Alcohol and your health

Posted on Feb 2, 2017 in Blog

ALCOHOL AND YOUR HEALTH:   Standard drink definitions.

Beer or wine cooler (about 5% alcohol)

12 oz. = 1 standard drink

16 oz. = 1.3 standard drinks

22 oz. = 2 standard drinks

40 oz. = 3.3 standard drinks

Table wine (about 7% alcohol)

5 oz. = 1 standard drink

25 oz. bottle = 5 standard drinks

80-proof spirits (about 40% alcohol)

1.5 oz. = 1 standard drink

1 mixed drink = 1 or more standard drinks (depends on recipe and amounts)

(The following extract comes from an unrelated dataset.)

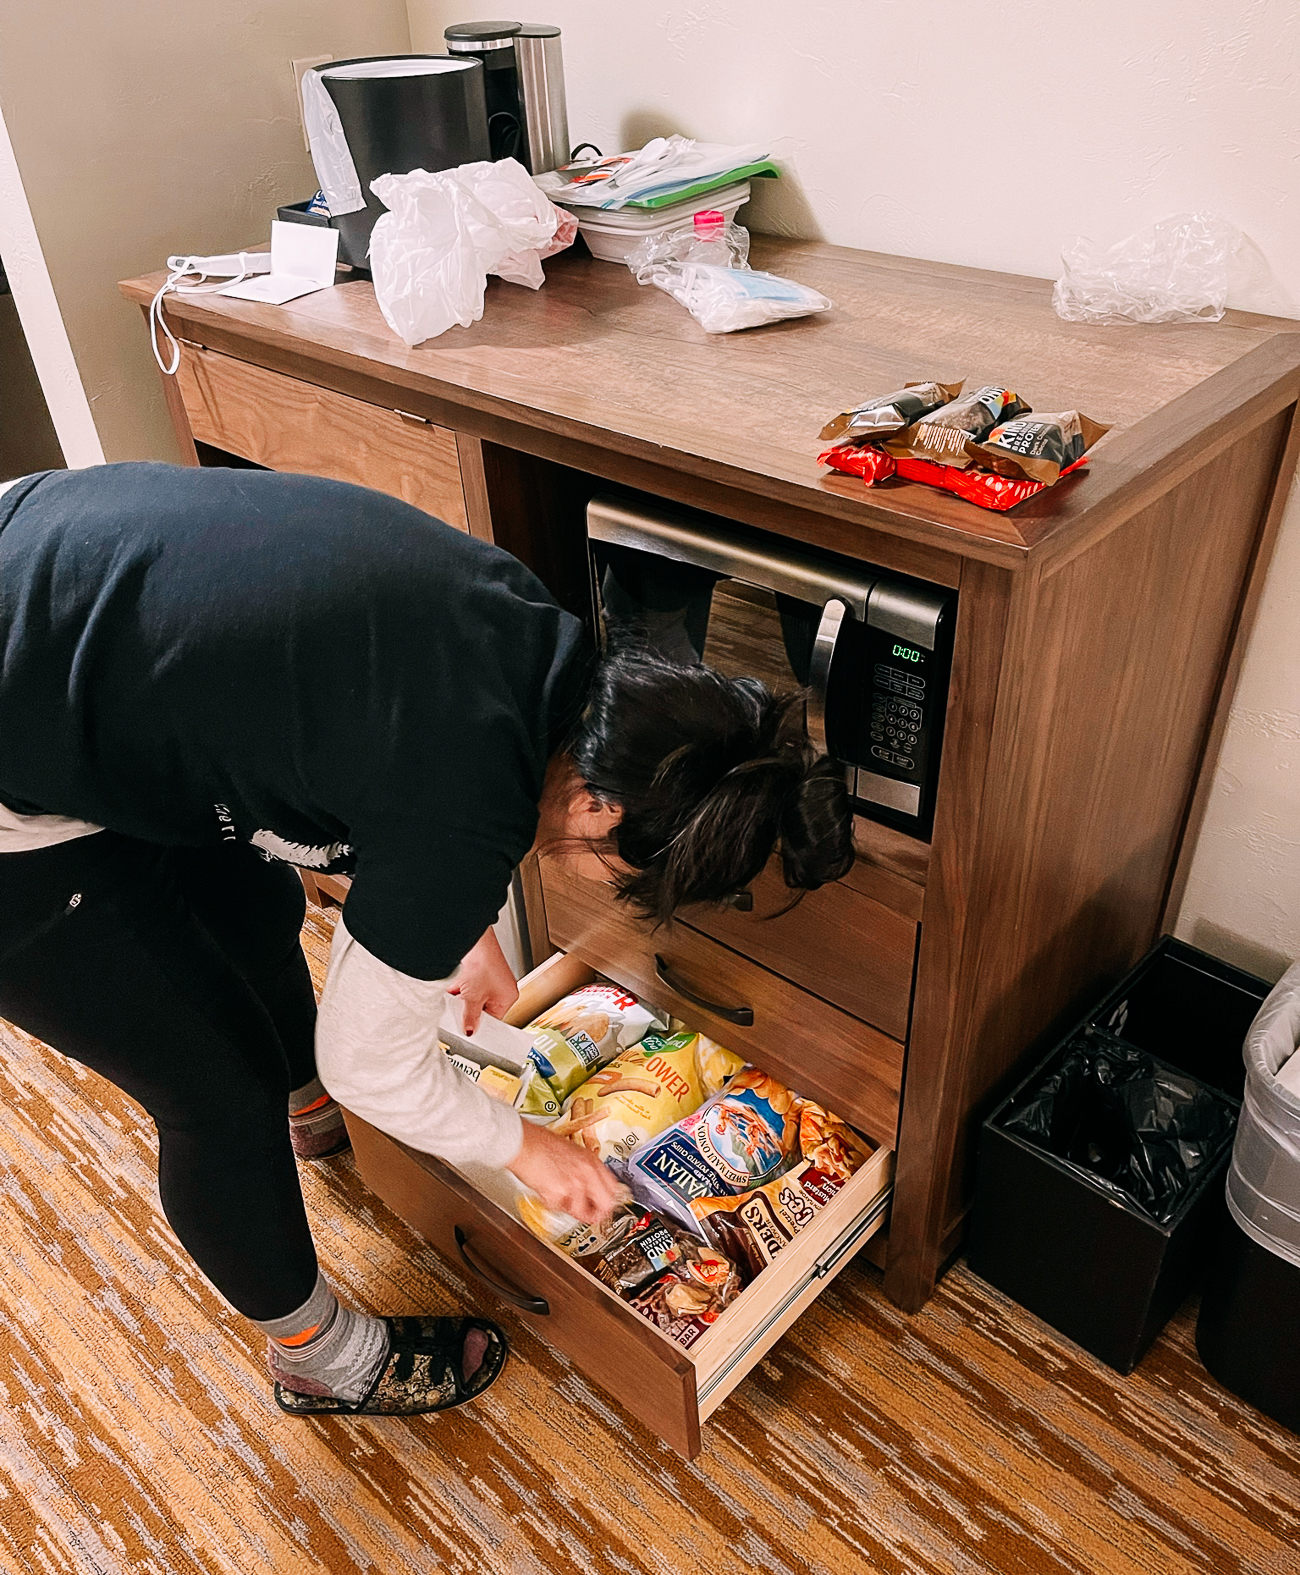 Sarah organizing the trip pantry in the hotel room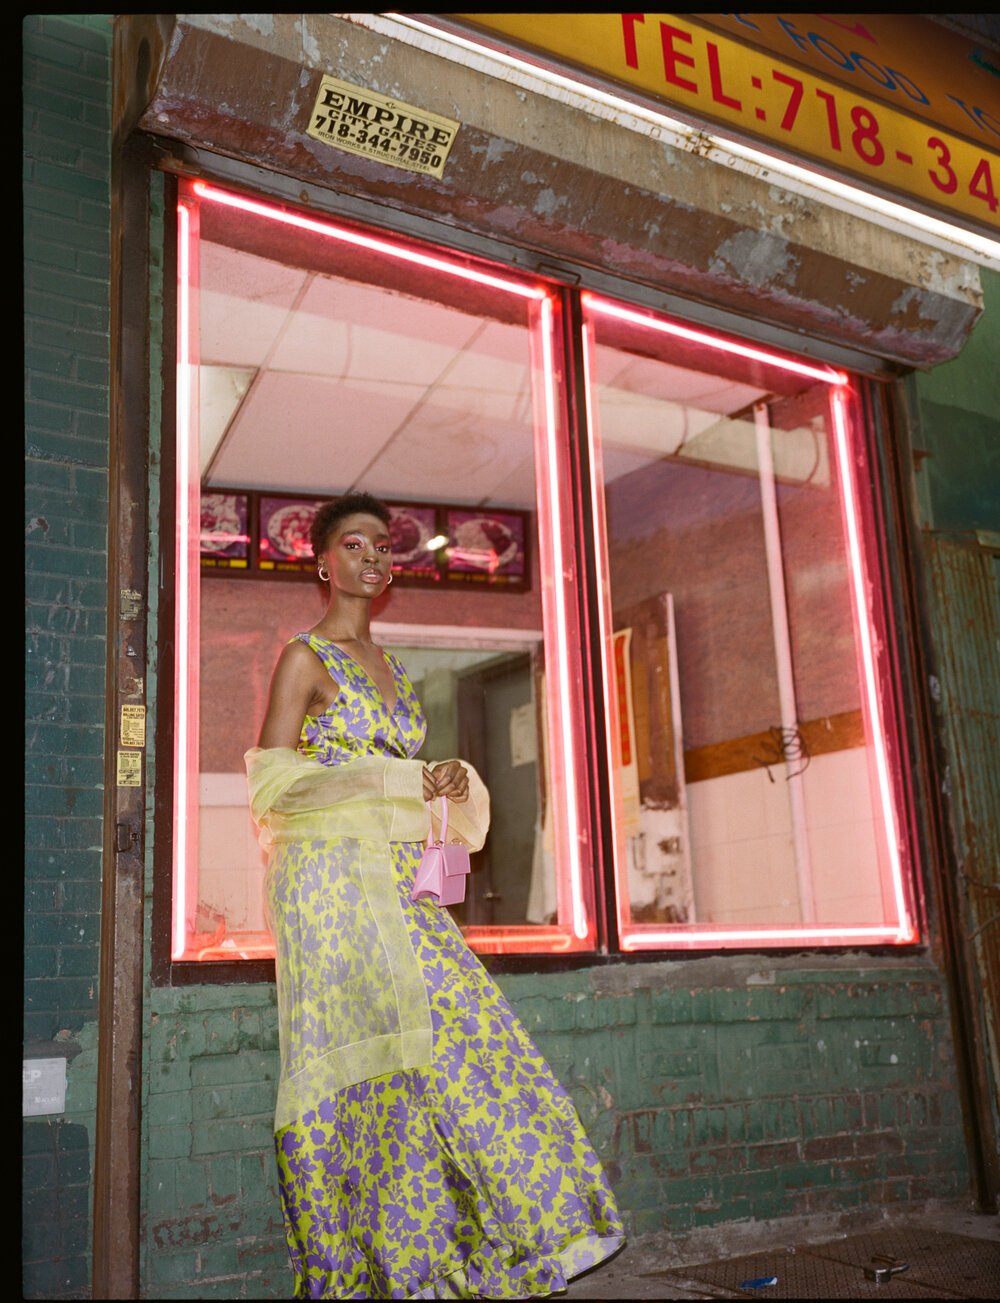  Model posing in Brooklyn, New York against Chinese takeout in high-fashion, styled by Emily Burnette.

1 fifth = 17 standard drinks

*Source: National Institute on Alcohol Abuse and Alcoholism

For those who choose to drink, here is MY recommendation as to “amount”.  Males up to age 65: one drink six times weekly (e.g. one drink 6 of 7 days).  Females up to age 65:  one drink 3 times weekly (1 drink 3 days weekly).  Age 65 and above, decrease the above recommendations by 50%, as your ability to metabolize alcohol decreases and your blood level of alcohol/drink increases.   Who should never drink: + family history of (h/o) alcohol or drug abuse (includes biological parents, siblings, aunts, uncles, and grandparents), personal history of alcohol or drug abuse, history of atrial fibrillation (AFib)-unknown if having a + family history of AFib should also be considered in this decision, personal history of cancer (especially cancer of the breast, mouth, throat, larynx, esophagus, stomach, liver, colon, rectum, basal cell- squamous cell-melanoma cancer of the skin), h/o high blood pressure- stroke-liver disease (e.g. fatty liver or hepatitis)-gastro-esophageal reflux, stomach ulcers, heart failure-peripheral neuropathy-pancreatitis-depression-sleep disorders (including insomnia, sleep apnea)-balance problems-osteoporosis-erectile dysfunction, and diagnosis of “cognitive decline”.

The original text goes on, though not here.